Relational model or Relational data model is the primary data model, which is used widely around the world for data storage and processing. This model is simple and it has all the properties and capabilities required to process data with storage efficiency.

Concepts

Tables − In relational data model, relations are saved in the format of Tables. This format stores the relation among entities. A table has rows and columns, where rows represents records and columns represent the attributes. Tuple − A single row of a table, which contains a single record for that relation is called a tuple. Relation instance − A finite set of tuples in the relational database system represents relation instance. Relation instances do not have duplicate tuples. Relation schema − A relation schema describes the relation name (table name), attributes, and their names. Relation key − Each row has one or more attributes, known as relation key, which can identify the row in the relation (table) uniquely. Attribute domain − Every attribute has some pre-defined value scope, known as attribute domain.

Constraints

Every relation has some conditions that must hold for it to be a valid relation. These conditions are called Relational Integrity Constraints. There are three main integrity constraints −  Key constraints  Domain constraints  Referential integrity constraints  Key Constraints There must be at least one minimal subset of attributes in the relation, which can identify a tuple uniquely. This minimal subset of attributes is called key for that relation. If there are more than one such minimal subsets, these are called candidate keys. Key constraints force that −  in a relation with a key attribute, no two tuples can have identical values for key attributes.  a key attribute can not have NULL values. Key constraints are also referred to as Entity Constraints.  Domain Constraints Attributes have specific values in real-world scenario. For example, age can only be a positive integer. The same constraints have been tried to employ on the attributes of a relation. Every attribute is bound to have a specific range of values. For example, age cannot be less than zero and telephone numbers cannot contain a digit outside 0-9.  Referential integrity Constraints Referential integrity constraints work on the concept of Foreign Keys. A foreign key is a key attribute of a relation that can be referred in other relation.

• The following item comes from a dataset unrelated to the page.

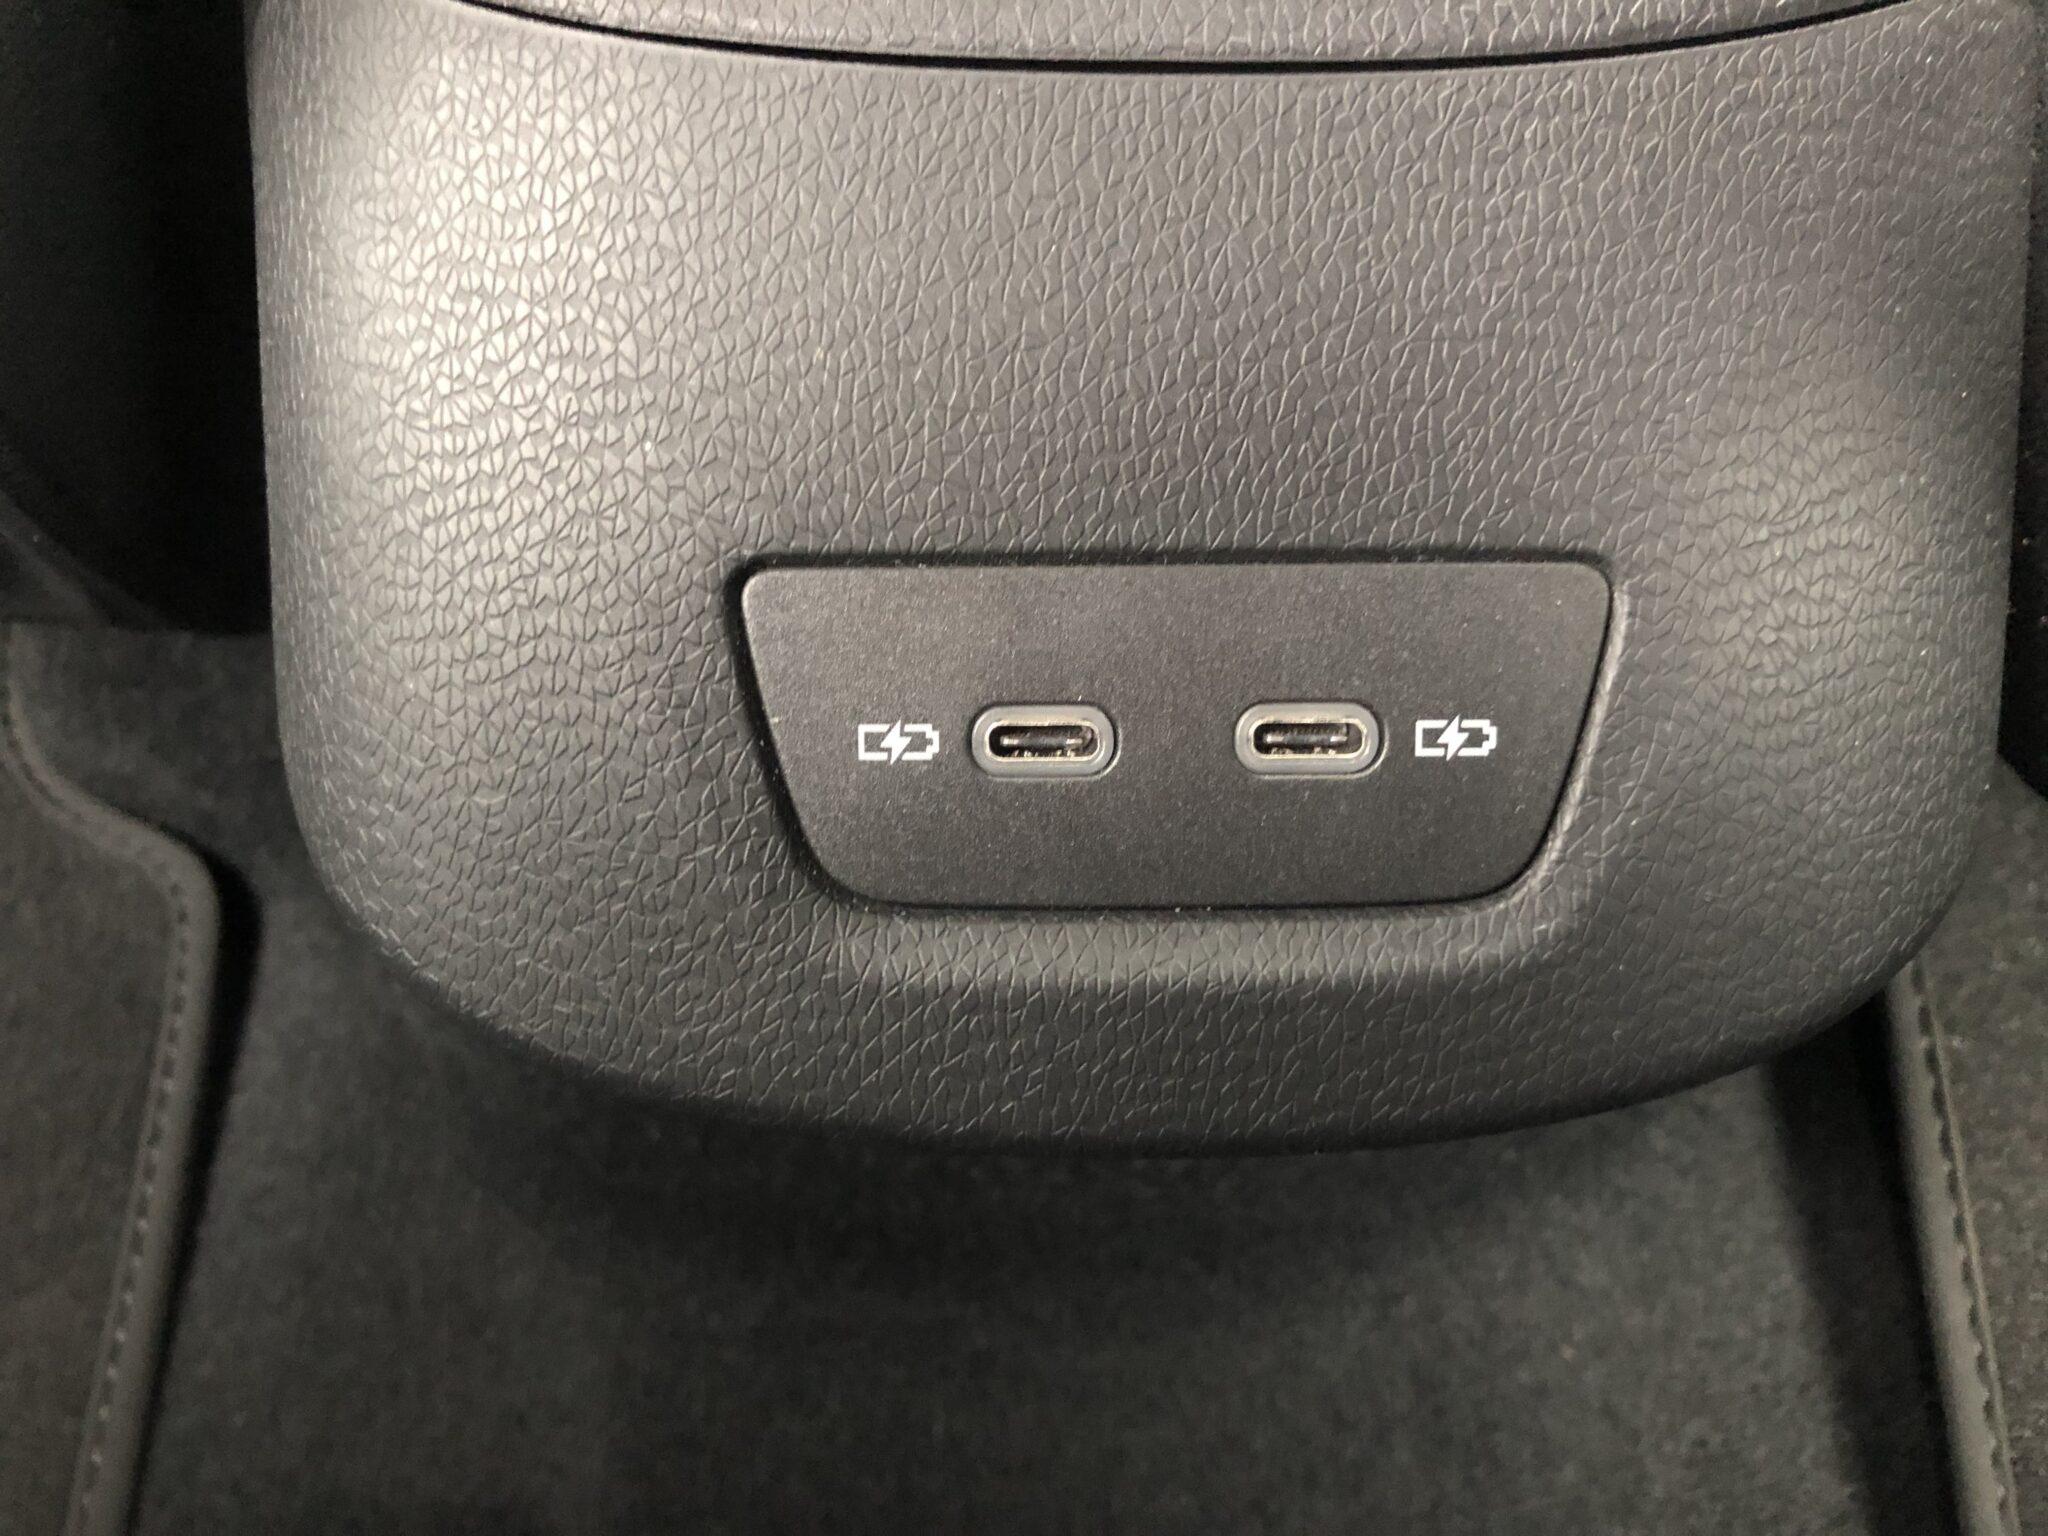 EMC Probefahrt des VW ID.3 » EMC VW ID.3 Probefahrt 11 min scaled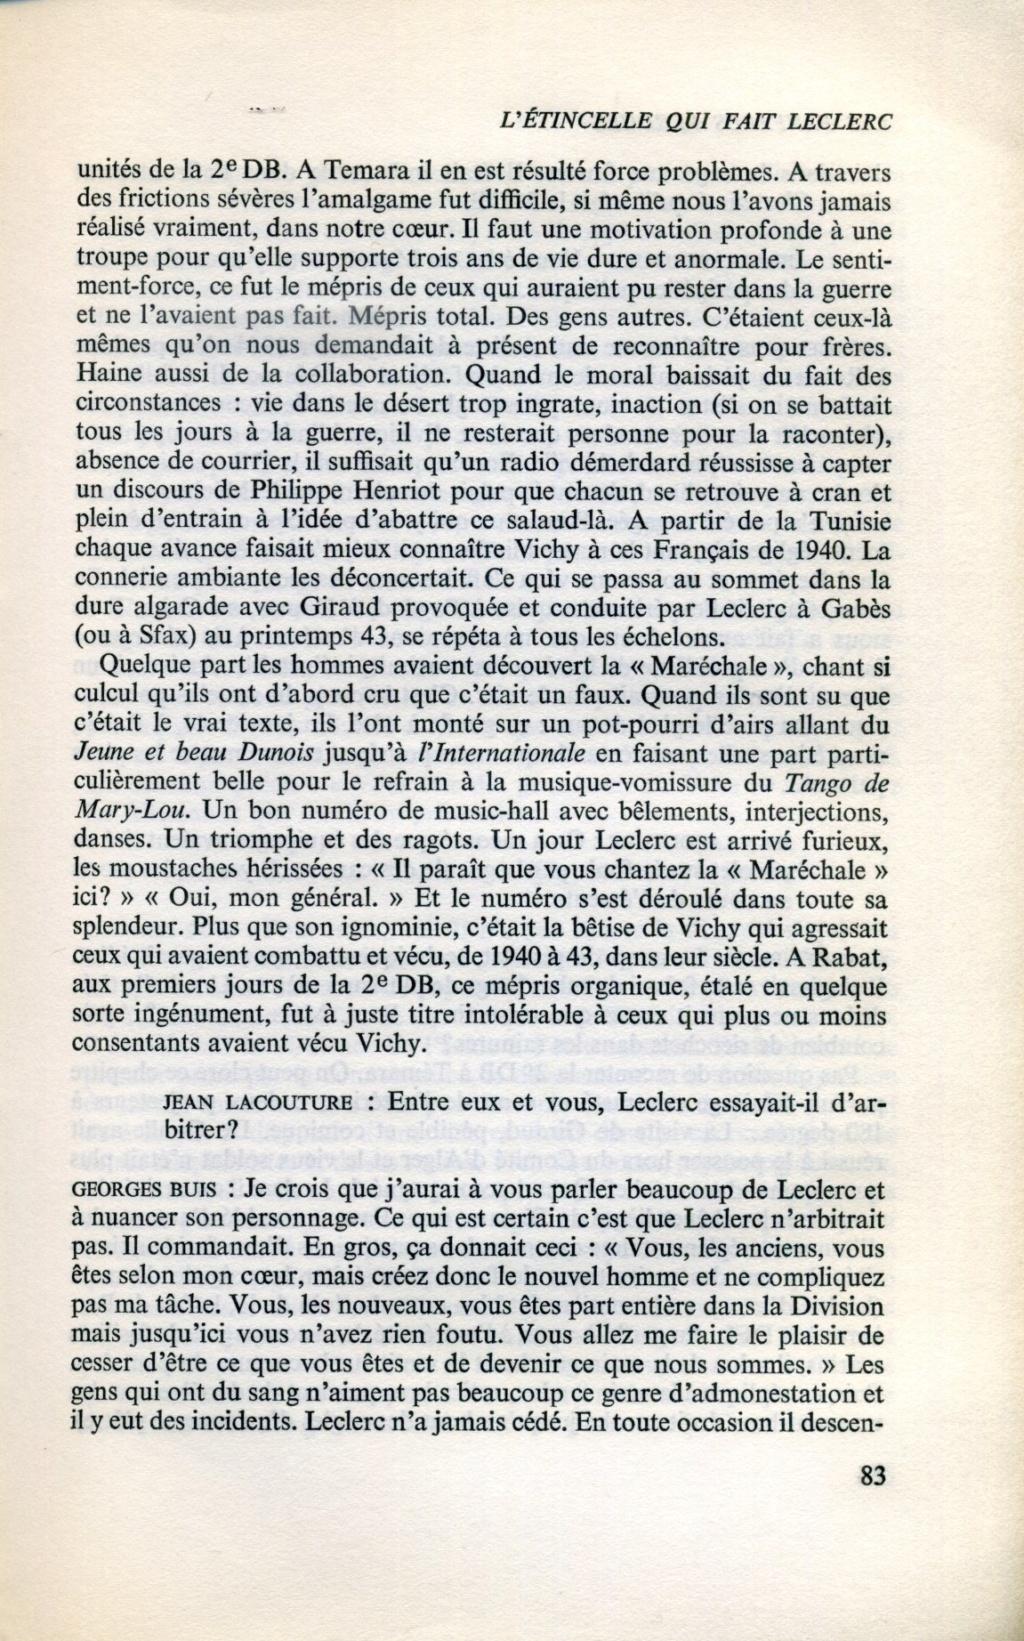 Georges Buis les fanfares perdues Les_fa29

Referential integrity constraint states that if a relation refers to a key attribute of a different or same relation, then that key element must exist.

Codd's 12 Rules

Dr Edgar F. Codd, after his extensive research on the Relational Model of database systems, came up with twelve rules of his own, which according to him, a database must obey in order to be regarded as a true relational database. These rules can be applied on any database system that manages stored data using only its relational capabilities. This is a foundation rule, which acts as a base for all the other rules.

 Rule 1: Information Rule

The data stored in a database, may it be user data or metadata, must be a value of some table cell. Everything in a database must be stored in a table format.

 Rule 2: Guaranteed Access Rule

Every single data element (value) is guaranteed to be accessible logically with a combination of table-name, primary-key (row value), and attribute-name (column value). No other means, such as pointers, can be used to access data.

 Rule 3: Systematic Treatment of NULL Values

The NULL values in a database must be given a systematic and uniform treatment. This is a very important rule because a NULL can be interpreted as one the following − data is missing, data is not known, or data is not applicable.

 Rule 4: Active Online Catalog

The structure description of the entire database must be stored in an online catalog, known as data dictionary , which can be accessed by authorized users. Users can use the same query language to access the catalog which they use to access the database itself.

 Rule 5: Comprehensive Data Sub-Language Rule

A database can only be accessed using a language having linear syntax that supports data definition, data manipulation, and transaction management operations. This language can be used directly or by means of some application. If the database allows access to data without any help of this language, then it is considered as a violation.

 Rule 6: View Updating Rule

All the views of a database, which can theoretically be updated, must also be updatable by the system.

 Rule 7: High-Level Insert, Update, and Delete Rule

A database must support high-level insertion, updation, and deletion. This must not be limited to a single row, that is, it must also support union, intersection and minus operations to yield sets of data records.

 Rule 8: Physical Data Independence

The data stored in a database must be independent of the applications that access the database. Any change in the physical structure of a database must not have any impact on how the data is being accessed by external applications.

 Rule 9: Logical Data Independence

The logical data in a database must be independent of its user’s view (application). Any change in logical data must not affect the applications using it. For example, if two tables are merged or one is split into two different

Relational Algebra

Relational database systems are expected to be equipped with a query language that can assist its users to query the database instances. There are two kinds of query languages − relational algebra and relational calculus.

Relational Algebra

Relational algebra is a procedural query language, which takes instances of relations as input and yields instances of relations as output. It uses operators to perform queries. An operator can be either unary or binary. They accept relations as their input and yield relations as their output. Relational algebra is performed recursively on a relation and intermediate results are also considered relations. The fundamental operations of relational algebra are as follows −  Select  Project  Union  Set different  Cartesian product  Rename We will discuss all these operations in the following sections.

 Select Operation (σ)σ))

It selects tuples that satisfy the given predicate from a relation. Notation − σ p (r) Where σ stands for selection predicate and r stands for relation. p is prepositional logic formula which may use connectors like and, or, and not. These terms may use relational operators like − =, ≠, ≥, < , >, ≤. For example − σ subject = "database" (Books) Output − Selects tuples from books where subject is 'database'. σsubject = "database" and price = "450"(Books) Output − Selects tuples from books where subject is 'database' and 'price' is 450. σsubject = "database" and price = "450" or year > "2010"(Books) Output − Selects tuples from books where subject is 'database' and 'price' is 450 or those books published after

 Project Operation (σ)∏)

It projects column(s) that satisfy a given predicate. Notation − ∏A 1 , A 2 , An (r) Where A 1 , A 2 , An are attribute names of relation r. Duplicate rows are automatically eliminated, as relation is a set.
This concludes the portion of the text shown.